I also follow the technical/British style of punctuation around quotes: if it is part of the quote, I include it inside the quotations marks; otherwise I leave it outside. The President's English calls for punctuation to always be inside the quotes.

And two spaces after a sentence stop. Yes, advanced typography can do a proper "wide space", but that isn't universal and I really don't care for auto-correct WYSIWYG features like that.
Link Posted: 12/11/2010 8:27:41 AM EDT
I prefer the ampersand actually..
Link Posted: 12/11/2010 8:27:44 AM EDT
Originally Posted By Subnet:
Okay, I Googled it. I'm in favor of it.

It better matches the spoken cadence of sentences, and it sometimes resolves ambiguity.



COMMA SPLICE!!!
Link Posted: 12/11/2010 8:29:26 AM EDT
Always
Link Posted: 12/11/2010 8:31:00 AM EDT
Originally Posted By HardShell:



I know we have a quite few grammar sticklers here.

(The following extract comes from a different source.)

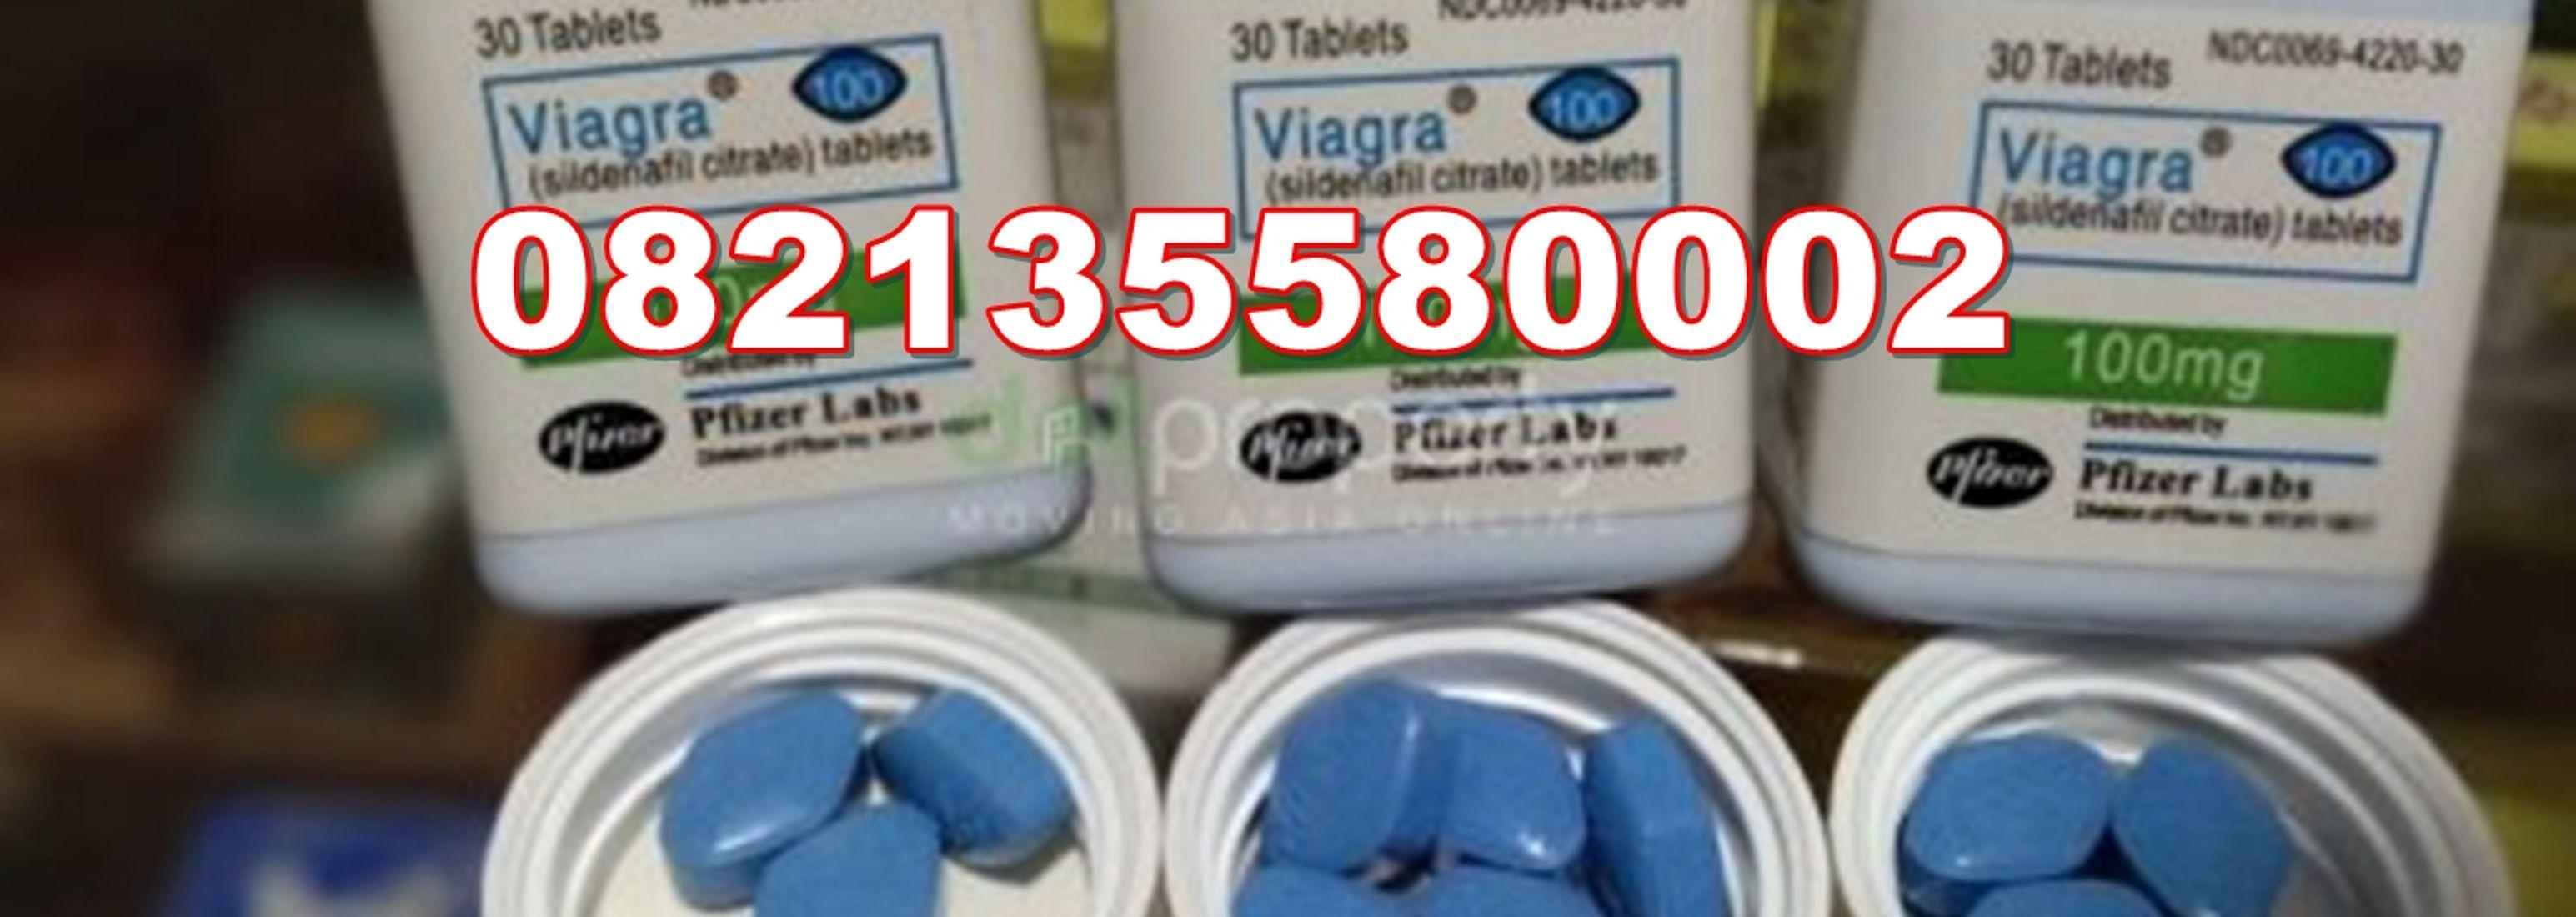 Apotik Resmi K 24 Jual Viagra Di Pontianak 082135580002 Obat Kuat Viagra Asli Di Pontianak Jobs Projects The Dots

I just wondered if any are as dogmatic as I tend to be WRT the Oxford comma.

Thanks.





It enhances clarity, which is a strong argument for always using it. We no longer manually set type, so it costs nothing to use it. Use it.
Link Posted: 12/11/2010 8:34:52 AM EDT
I use it. Just seems natural.
Link Posted: 12/11/2010 8:37:47 AM EDT
[Last Edit: 12/11/2010 8:38:07 AM EDT by corwin1968]
Link Posted: 12/11/2010 8:37:59 AM EDT
I always use it.
Link Posted: 12/11/2010 8:38:05 AM EDT
Absolutely.

Link Posted: 12/11/2010 8:42:47 AM EDT
It was beaten in to me all through school. So I try and use it.
Link Posted: 12/11/2010 8:43:48 AM EDT
I think I have been able to deduce that this thread is about the debate between whether the word and" before the last item listed in a series serves as a replacement for the comma, or should be in addition to the comma. Am I on track?

He eats, shoots and leaves.

Versus...

He eats, shoots, and leaves.

Of course, all as opposed to: He eats shoots and leaves. That is right out.

I like the comma together with the "and." I agree it often provides added clarity.

Link Posted: 12/11/2010 8:45:37 AM EDT
I use it. I cannot find a reason against it.

Posted Via AR15.Com Mobile
Link Posted: 12/11/2010 8:46:05 AM EDT
I try to use it. Grammer was never a strong thing for me.
Link Posted: 12/11/2010 8:49:03 AM EDT
I use it. I was taught to use it way back in the day. Sometimes when I'm reading a list of things ("A, B and C"), I occasionally think that B and C are to be treated as a single element. I don't have that problem when you say "A, B, and C."
Link Posted: 12/11/2010 8:50:36 AM EDT
I don't need it, I don't want it, I think it's an affront to civilized grammar, and I will have no part of it.
Link Posted: 12/11/2010 8:51:02 AM EDT
Originally Posted By pavlovwolf:
Well, if you ask me, I would say that I'm in favor, as it does help to alleviate the problems that some readers have in knowing when to pause, especially as it relates to dialogue.
Agree. Also, when I was a child we were taught to use a comma before "and & but". Today, I rarely see that. Another thing that is recently acceptable is to begin a sentence with "But".

Link Posted: 12/11/2010 8:51:11 AM EDT

Originally Posted By zeekh:
I try to use it. Grammer was never a strong thing for me.

No shit!
Link Posted: 12/11/2010 8:58:39 AM EDT
It tightens my colon.
Link Posted: 12/11/2010 9:00:22 AM EDT
[Last Edit: 12/11/2010 9:00:31 AM EDT by KILLERB6]
Only on ARFCOM GD, could we entertain ourselves this much, with a comma.